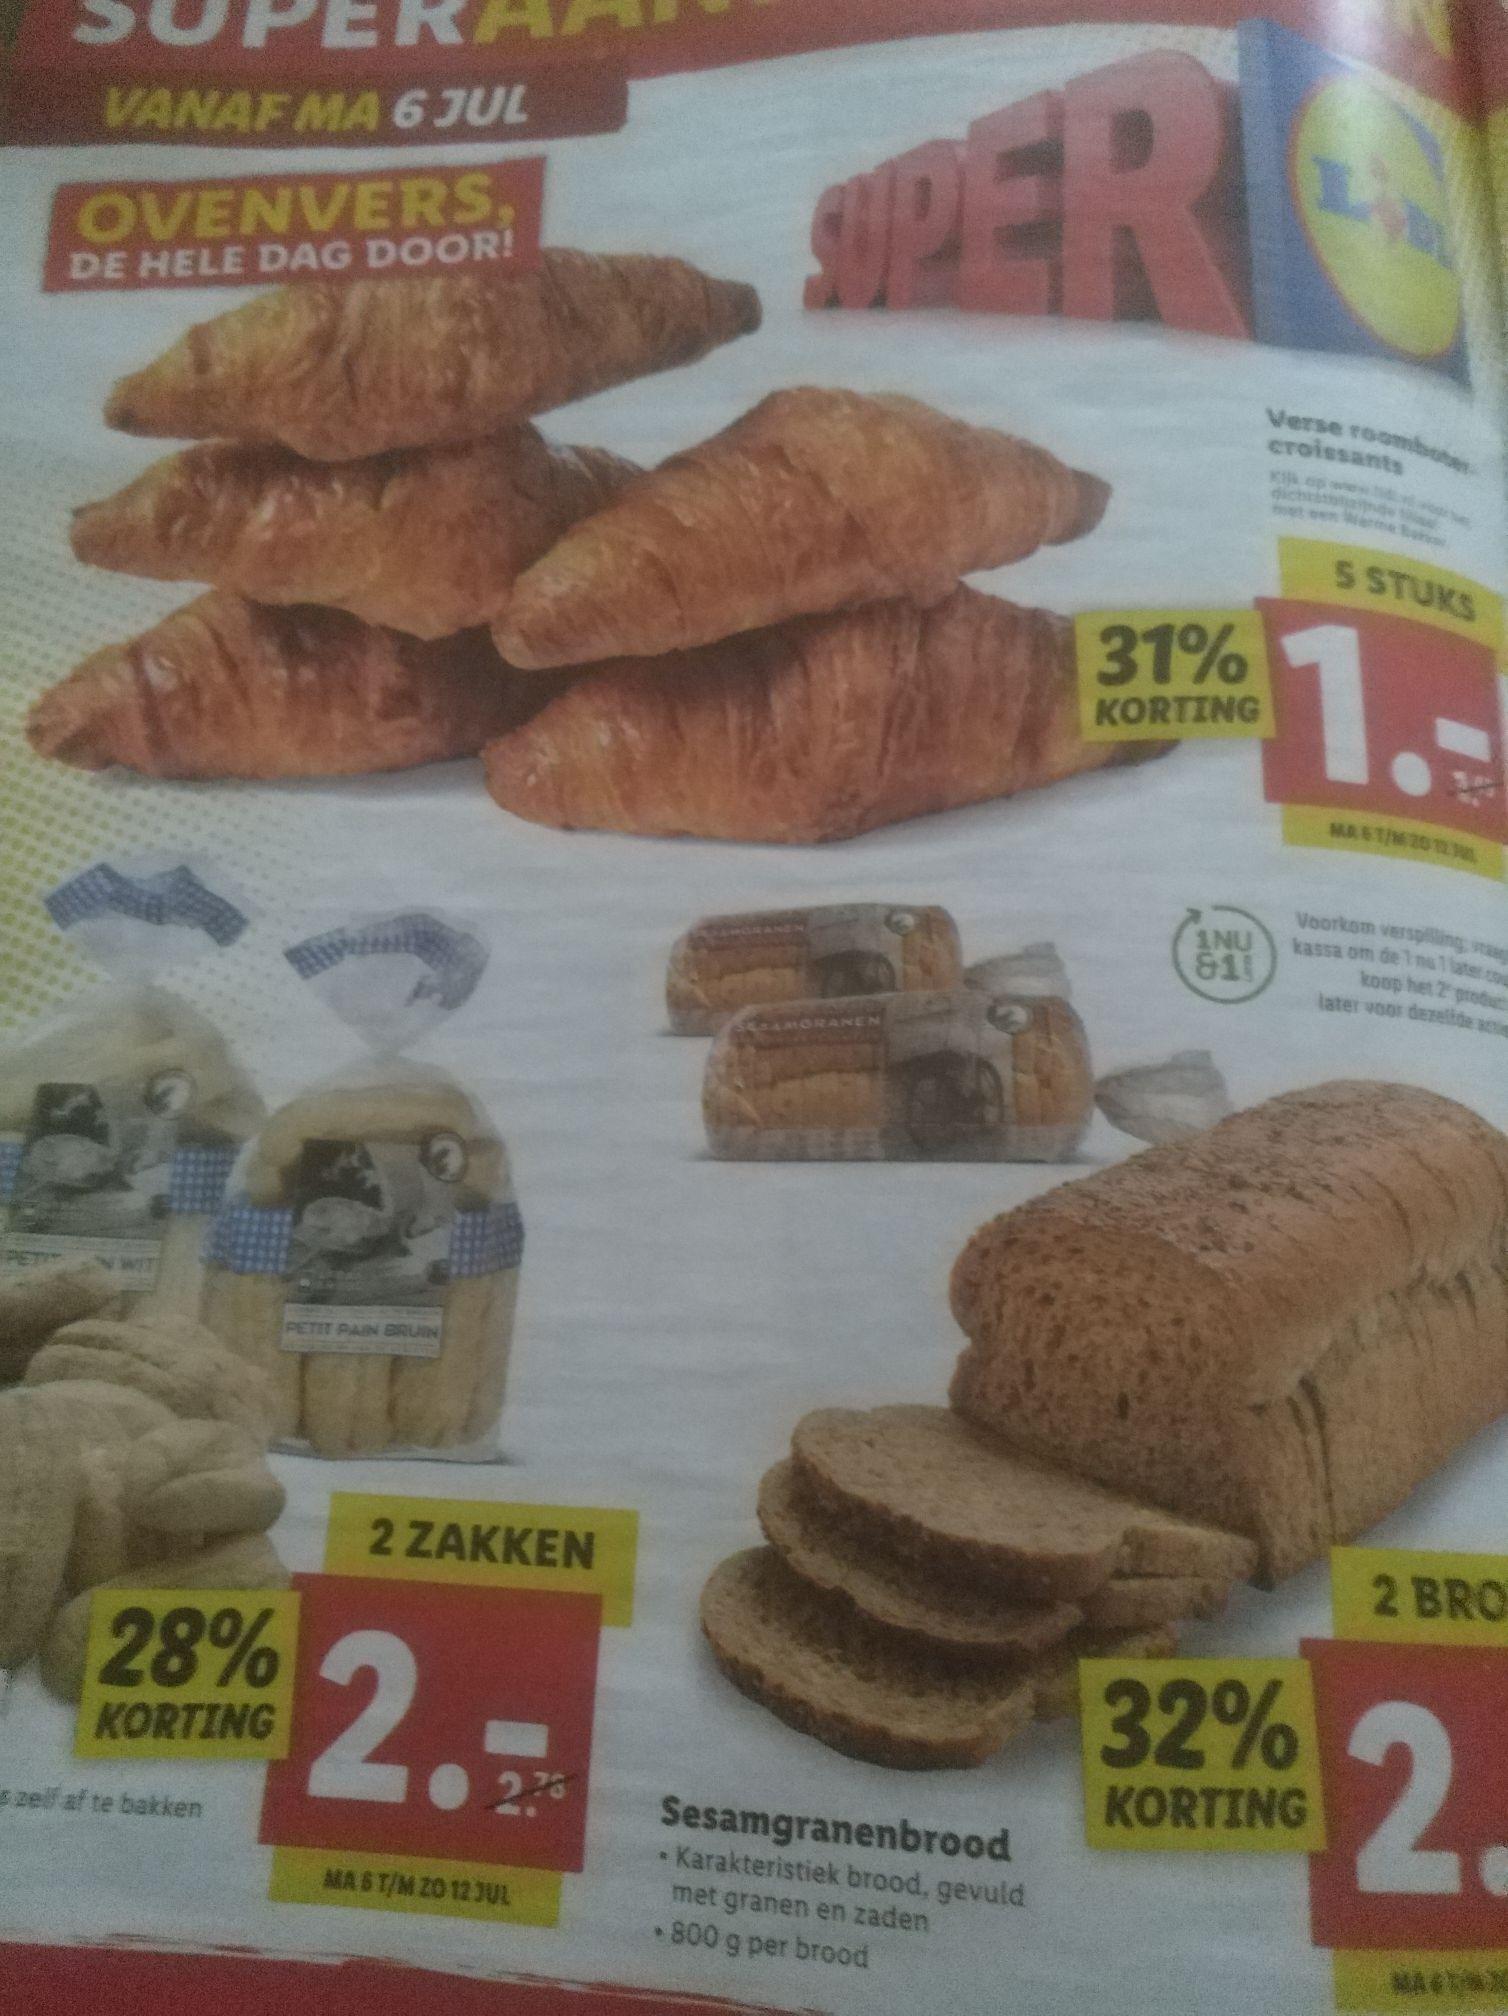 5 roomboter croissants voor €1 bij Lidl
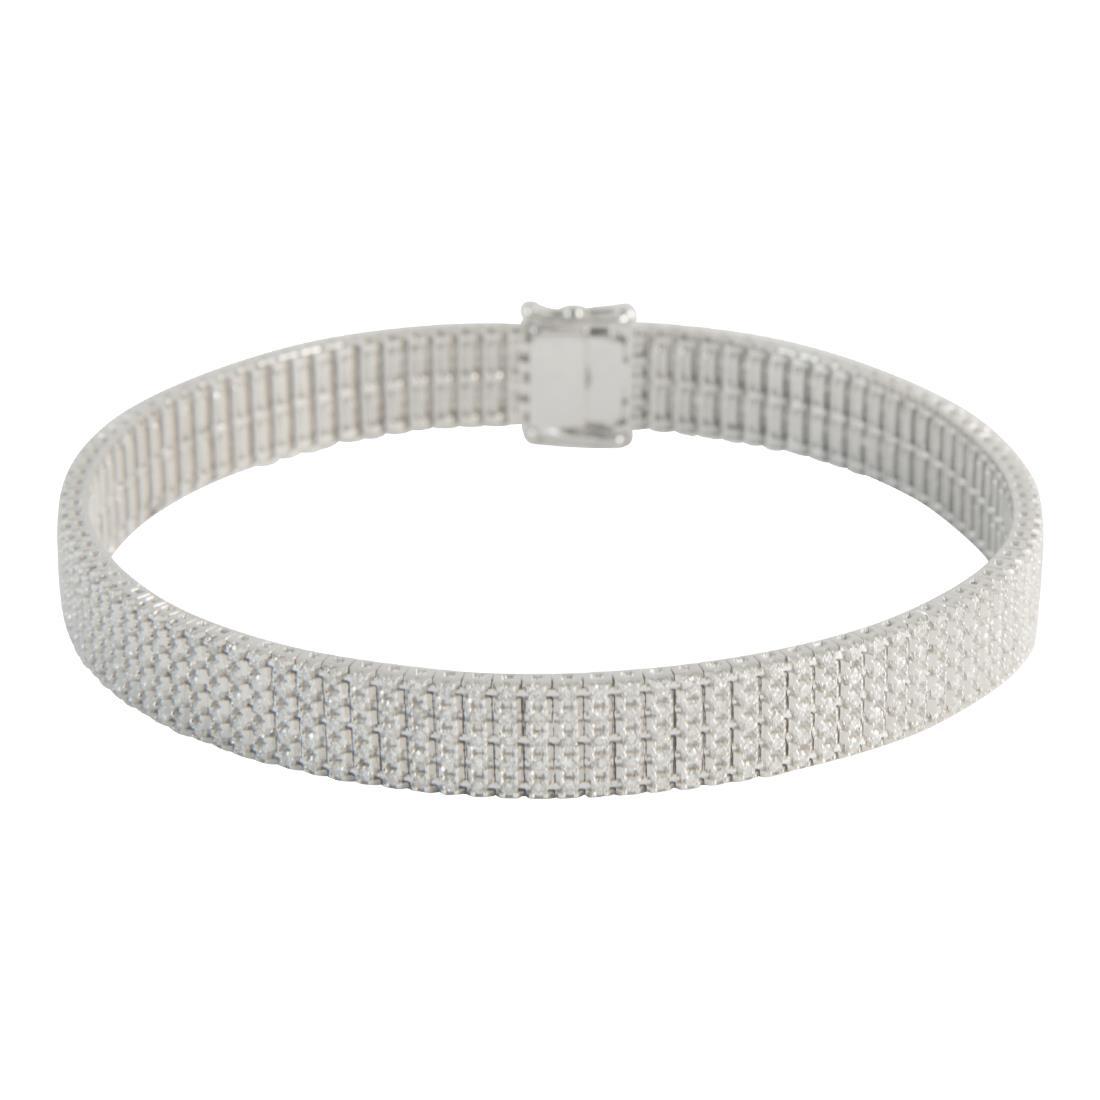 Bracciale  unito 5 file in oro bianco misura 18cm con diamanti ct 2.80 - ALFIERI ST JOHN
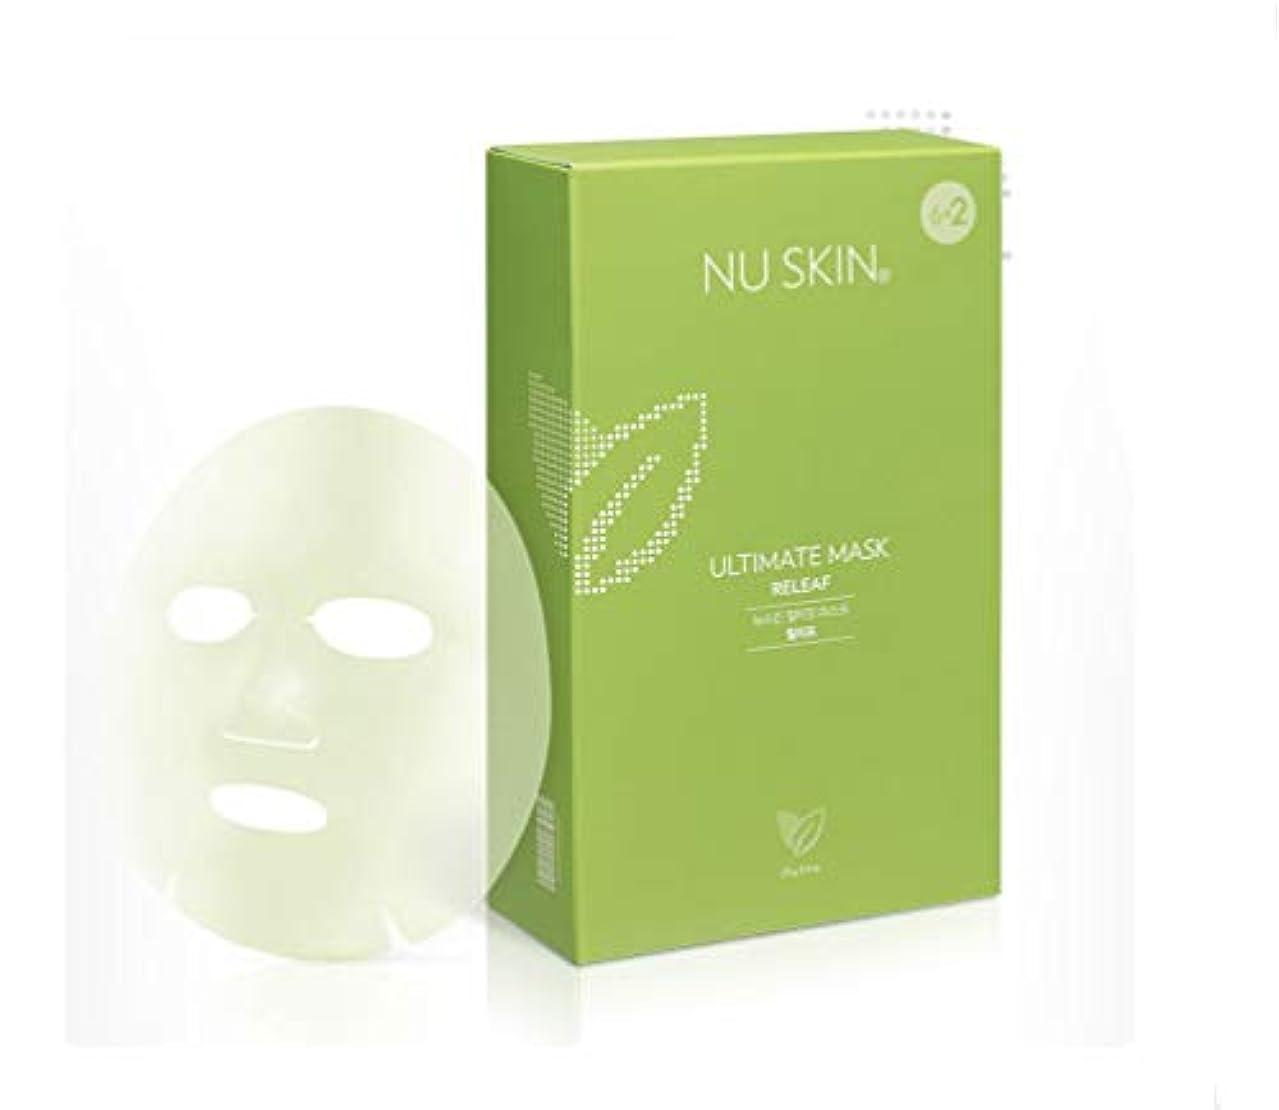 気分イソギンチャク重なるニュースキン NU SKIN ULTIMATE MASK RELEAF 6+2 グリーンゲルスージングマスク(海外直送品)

******

**Assignment**
Take the data above and set it down exactly, images excluded.

**Solution to this task**
 5 roomboter croissants voor €1 bij Lidl
 Bracciale  unito 5 file in oro bianco misura 18cm con diamanti ct 2.80 - ALFIERI ST JOHN
 気分イソギンチャク重なるニュースキン NU SKIN ULTIMATE MASK RELEAF 6+2 グリーンゲルスージングマスク(海外直送品)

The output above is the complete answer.